Uno de los pocos casos de un Estado empresario exitoso en productos de alta competencia es el Grupo Renault, un conglomerado automotriz del cual el Estado francés es propietario en un 15,1%. Otro 63% de las acciones está en forma de capital flotante, es decir, papeles negociables en las bolsas. El resto del paquete está en manos de una automotriz japonesa y en un fondo alemán de pensiones. La empresa tenía, en 2018, un valor de mercado de 35.200 millones de euros. Otra empresa francesa, la de ferrocarriles (SNCF) funciona a base de subsidios entregados por los gobiernos regionales que dedicaron en 2020 un tercio de sus presupuestos a sostener el servicio.

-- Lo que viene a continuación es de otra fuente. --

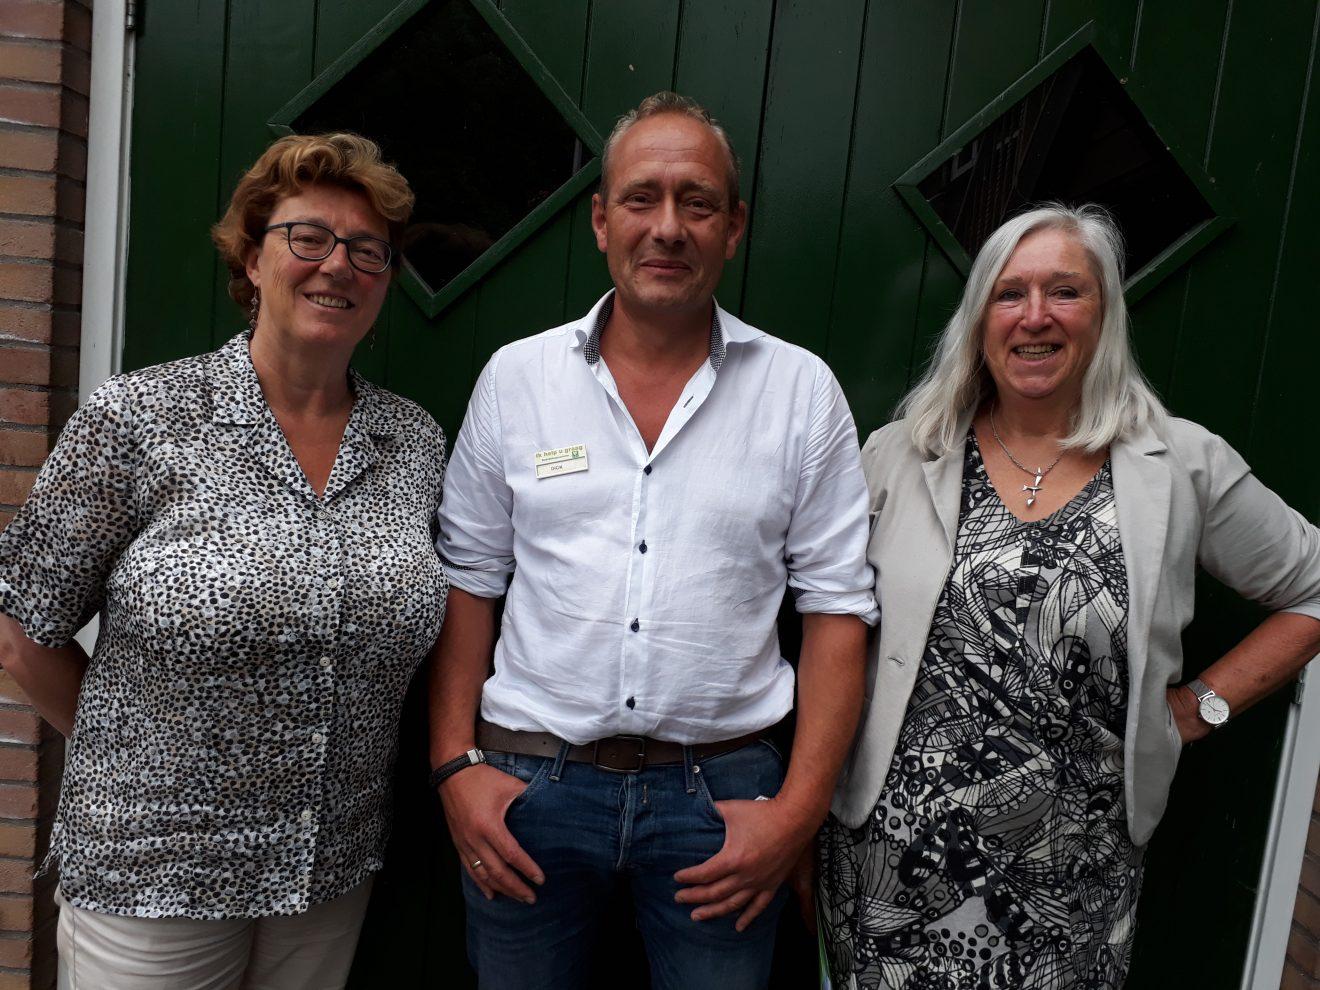 Bestuur stichting Fairtrade Bodegraven-Reeuwijk; Voorzitter – Marlou Min - Secretaris - Lisbeth Hertogh - Penningmeester – Dick Hoogendoorn

Como regla general, los estados no son buenos empresarios, salvo la excepción señalada. En el Paraguay, esta condición está expuesta hasta la saciedad en ramos como la telefonía, la energía eléctrica, el petróleo, el agua, el acero y el cemento. En este ultimo caso, no solo se trata de una empresa deficitaria y destartalada, sino además de una enorme ineficiencia, que sólo sirve para sostener cuotas políticas y trancar la economía. Ayer informábamos que la cementera estatal no está en condiciones, desde hace un año, de entregar ni la mitad del cemento que teóricamente debería producir.